The World Health Organization (WHO) made a bombshell announcement yesterday that left many bacon lovers reeling.
In a nutshell, a group of experts conducted a comprehensive review of studies that looked at the association between processed or red meat and cancer. They declared that processed meat is definitely a carcinogen, with the most powerful link to colon cancer. Based on the data reviewed, they found that every daily 50-gram portion of processed meat—that is, meat that's been cured, salted, smoked, or preserved, including ham, bacon, and sausages—ups the risk of colorectal cancer by 18%. A 50-gram portion is about 2 ounces, or about two breakfast sausage links. The WHO says it's as certain that these foods cause cancer as they are certain that cigarettes cause cancer.
Their findings also prompted them to categorize red meat (like beef, pork, and lamb) as "probably carcinogenic"—the evidence linking red meat to cancer is not quite as strong as it is for processed meats.
If you're feeling freaked out by this news, you're not alone. But protecting yourself from cancer is more complicated than simply banning bacon and steak from your diet. Here are five important nuances to note about this announcement.
The International Agency of Research Into Cancer is the arm of the WHO that performed this analysis. The IARC's job is to determine how likely foods, chemicals, and other items are to cause cancer, and then classify them into one of five categories: carcinogenic to humans, probably carcinogenic to humans, possibly carcinogenic to humans, not classifiable, and probably not carcinogenic.
Items that fall under "carcinogenic to humans" are the ones that have the most evidence supporting that they do cause cancer. Smoking, asbestos, tanning beds, and now processed meat can definitely cause cancer. Red meat is in the "probably carcinogenic" category because the evidence linking red meat to cancer is weaker.
While processed meats and cigarettes both fall under "carcinogenic to humans," what this basically means is that the evidence that processed meats cause cancer is as strong as the evidence that smoking causes cancer.
This classification does not 100% guarantee that you will get colon cancer by eating bacon every morning—or lung cancer from smoking a pack a day. However, because we know that 70-87% of lung cancers are linked to smoking, no health expert would ever say that smoking, even just one cigarette a day, is a good idea.
The truth is cancer experts may say that bacon and other processed meats are now in the same dangerous boat as cigarettes. But frequency does play a role. The more you're exposed to anything in this category, the greater the risk. So ultimately, it's up to you to decide if you want to eat these foods, and if so how often.
I personally haven't eaten red meat in many years, and I don't miss it. (I also have a very strong family history of colorectal cancer and cancer in general, which is one of the reasons I became a nutritionist). But I have some clients who simply tell me flat out, "I don't care what the research says, I am not giving up bacon."
And for those people, I advise them to think of processed meats as an occasional treat. That could mean a few strips of bacon at Sunday brunch or a few slices of pepperoni pizza on Friday night—but not both, and none during the week. I also recommend they eat no more than 18 ounces of total red meat a week, preferably lean, which is the recommendation of the American Institute for Cancer Research. These two simple strategies will likely create some balance and help lower the risks.
Higher levels of cancer-causing substances are formed when red meat is cooked at high temperatures, like grilling, barbecuing, and frying. In this report, the WHO didn't look at fish, but other research has shown that even white fish cooked at high temperatures may also be linked to cancer risk, especially when it's cooked for a longer length of time.
There are a few super-easy ways curb the formation of these cancer-causing substances. First, cut meat into smaller portions to reduce cooking time, and marinate it using antioxidant rich herbs and spices. You should also avoid allowing fat to drip—this creates smoke that deposits carcinogens back onto the meat. Flipping the meat often, trimming excess fat, and cooking meat on tinfoil will all help.

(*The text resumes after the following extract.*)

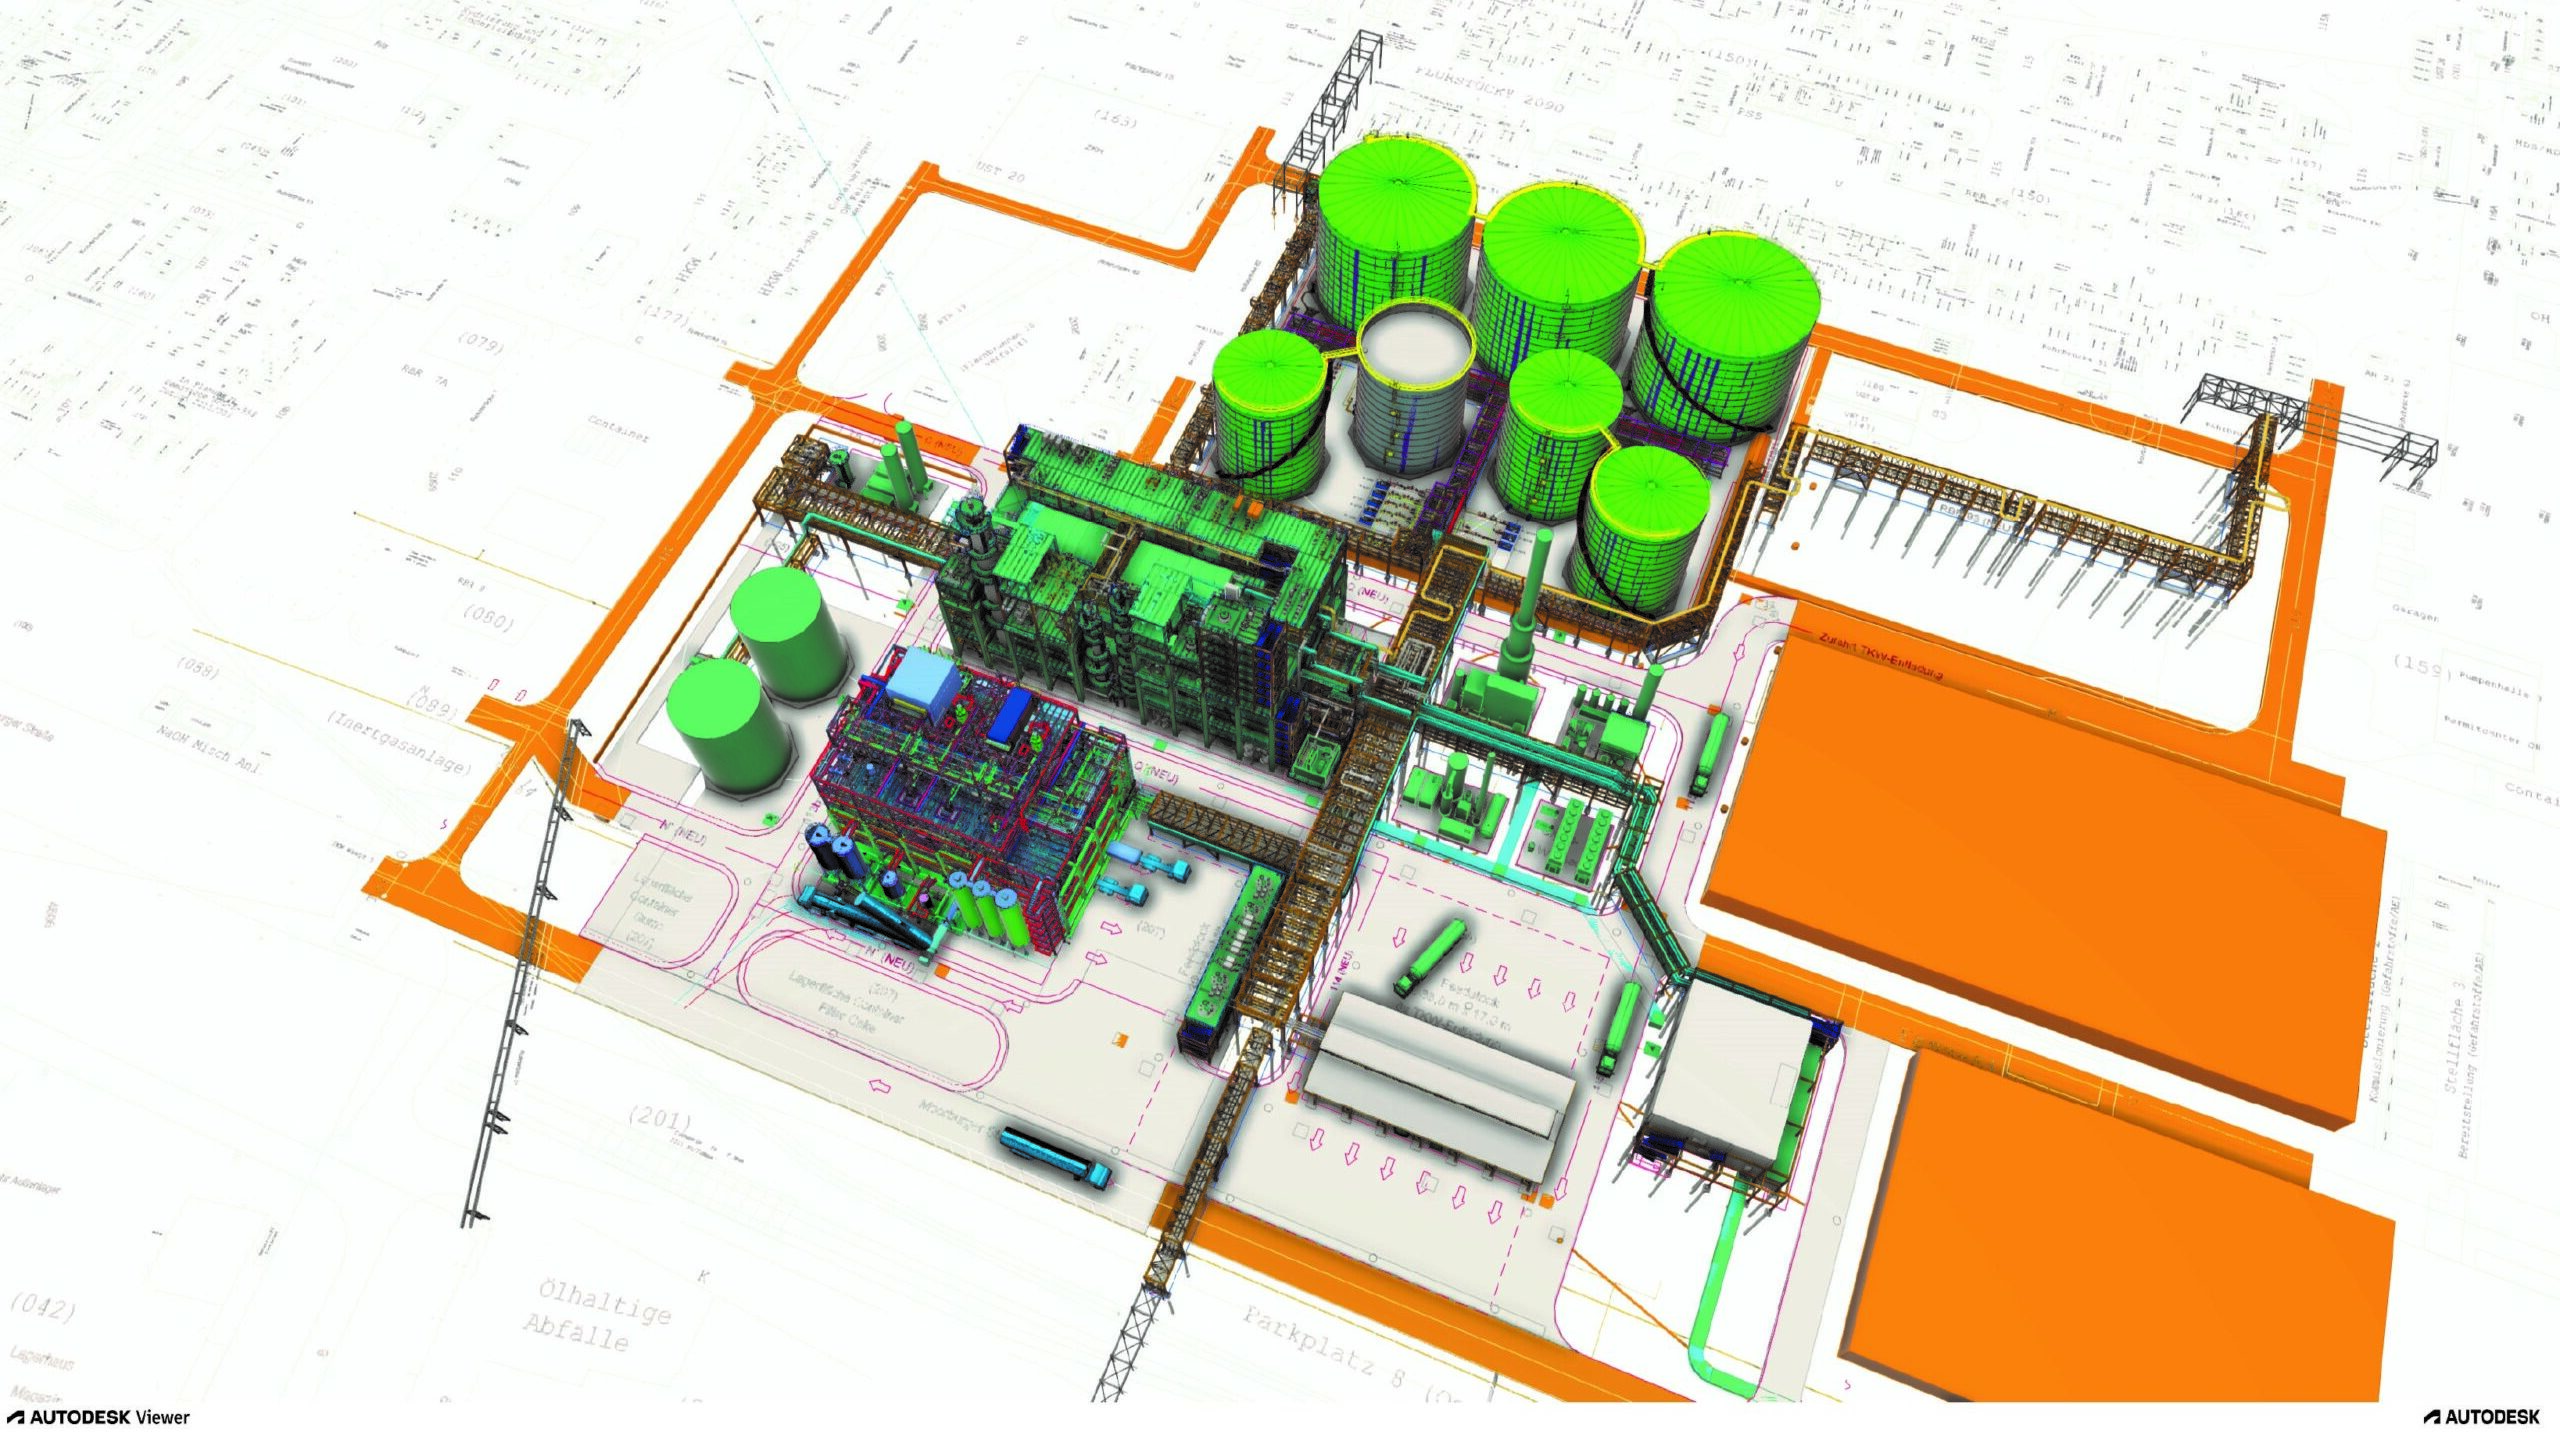 Schematic Depiction of the Biofuels Facility at the Holborn Refinery

The overall makeup of your meals is still what's most important. We can't completely eliminate cancer risk, but we do know that certain foods protect against it. If you're going to eat red meat, stick with about 3 ounces, the size of a deck of cards, along with at least 1 to 2 cups (think one to two tennis balls in size) of cancer-protective produce, such as tomatoes, broccoli, cauliflower, Brussels sprouts, kale, collard greens, and cabbage.
Also include a small serving of squash or a whole grain (like quinoa), a "good" plant-based fat (like a golf ball sized portion of nuts, several slices of avocado, or a tablespoon of olive oil), and plenty of herbs and spices. The worst eating patterns, for not just cancer risk but nearly every chronic disease, are those that combine meat with other highly processed foods, excess sugar, and a lack of plants.
In addition to eating healthfully, we know that many habits help keep us healthier overall, including not smoking, being active, getting enough sleep, managing stress, not drinking alcohol excessively, and securing positive social support. In fact, researchers conclude that 90 to 95% of cancer risk is rooted in lifestyle and environment, not genetics. In other words, a great deal is within your control, so don't forget to focus on the big picture, and continually make choices that keep tipping the balance toward protection.